# T5 lights ht to touch?



## falcans (Jan 26, 2012)

*T5 lights hot to touch?*

So i just bought 2 t5 lights and both of them has been on now for about 4 hours and the tops of the lights is so hot is this normal sorry a newb question first time using 4 bulbs and the 48" smells like plastic burning and well the seller said its common sinse its new plastic


----------



## george (Apr 11, 2009)

I don't think its normal. They should have a heat sink or fan to make sure something like this does not happen. And smell like plastic burning? NO NO.


----------



## Tim (Dec 11, 2011)

falcans said:


> So i just bought 2 t5 lights and both of them has been on now for about 4 hours and the tops of the lights is so hot is this normal sorry a newb question first time using 4 bulbs and the 48" smells like plastic burning and well the seller said its common sinse its new plastic


what brand are they?


----------



## Will (Jul 24, 2008)

Almost any product that generates heat, will give smell the first few times they are operated.

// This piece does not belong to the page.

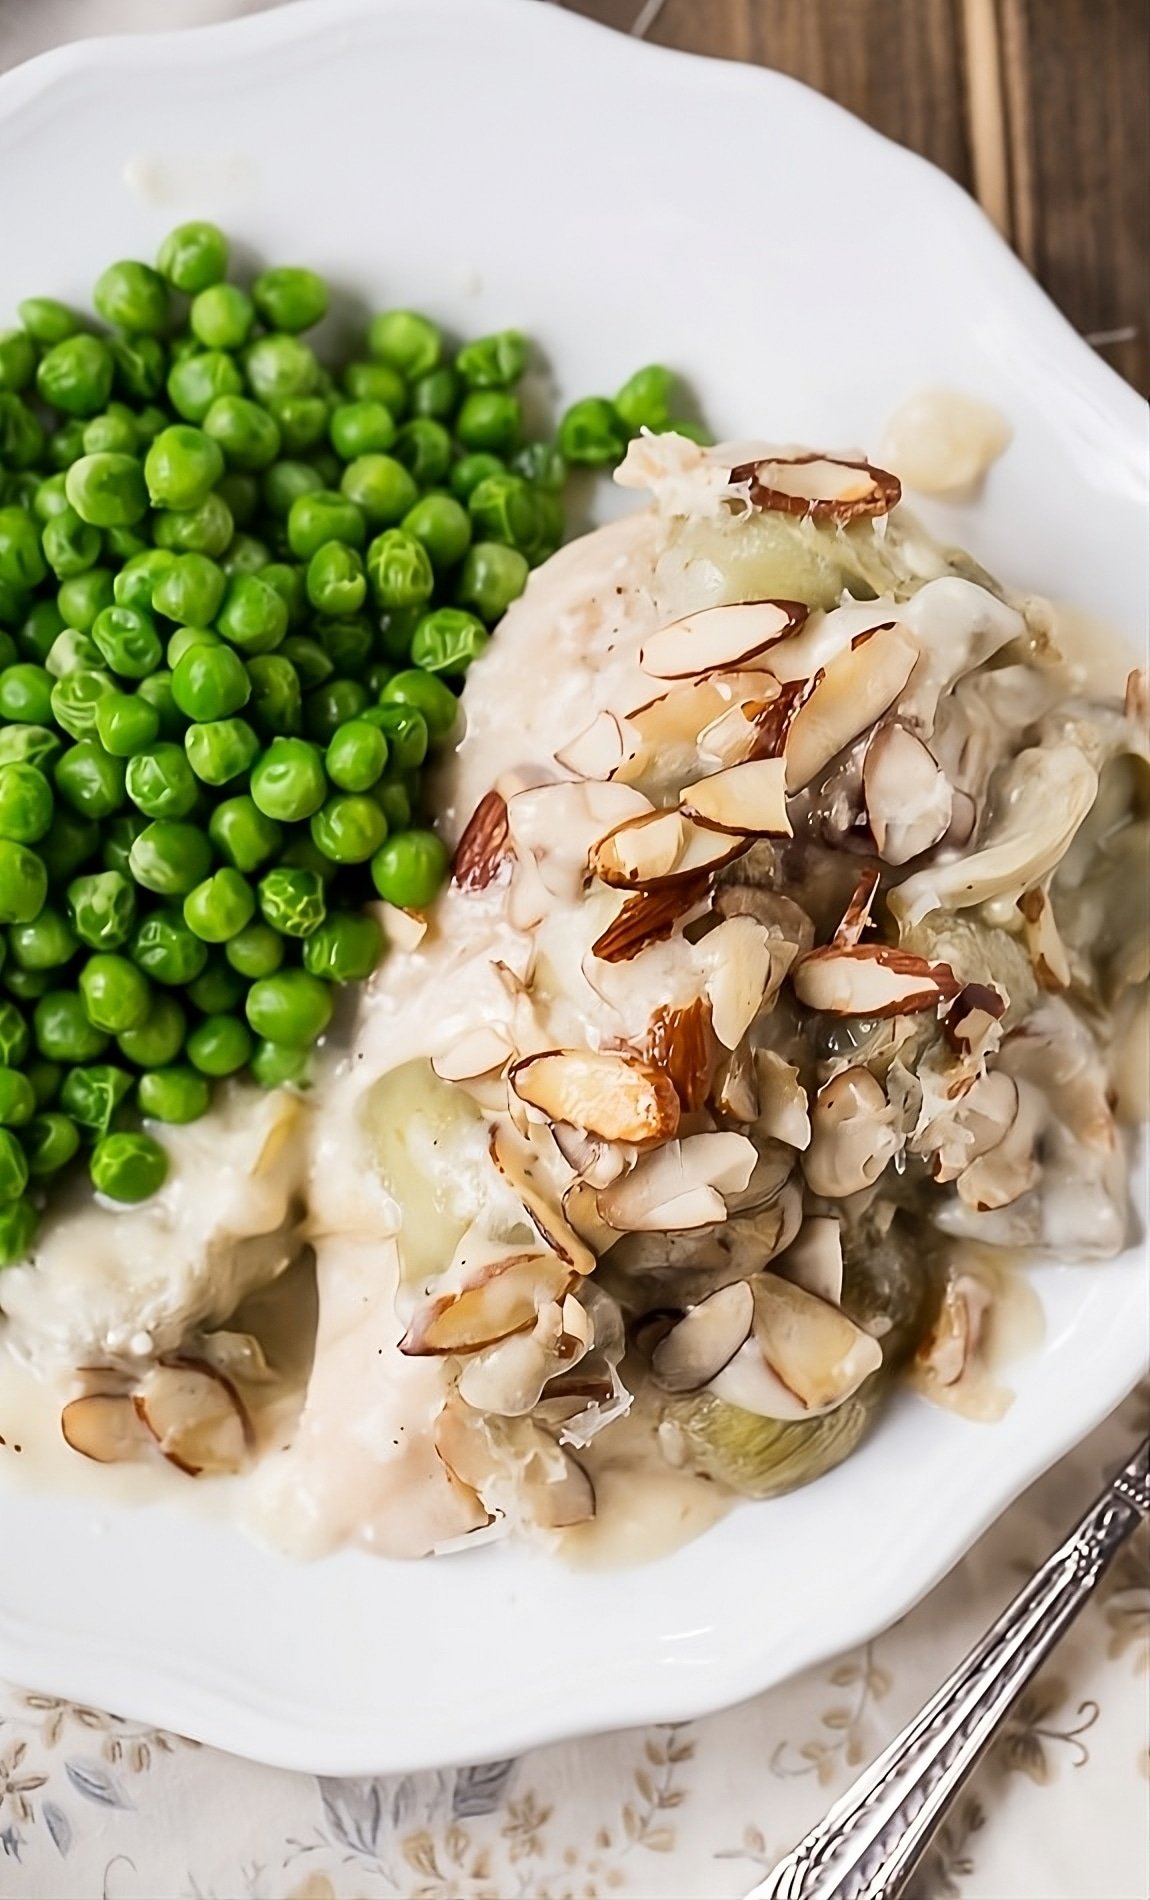 Chicken on plate with green peas.

Ovens, toasters, light fixtures...


----------



## falcans (Jan 26, 2012)

Hey guys got from ebay seller hobbylights good reviews the fans are not working only 1 unit has lights not impressed. I shut them off incase it caused a fire over night. Is this normal 154 watts with noi fan?? Thinking of calling someone to make sure there ok to use like fire department. Lol
The lady maybe right about new stuff smells like smoke but there is no dual fans like how other products is I contacted them yesturday regarding this issue if they do not respond today I will file with paypal and then they will fix this!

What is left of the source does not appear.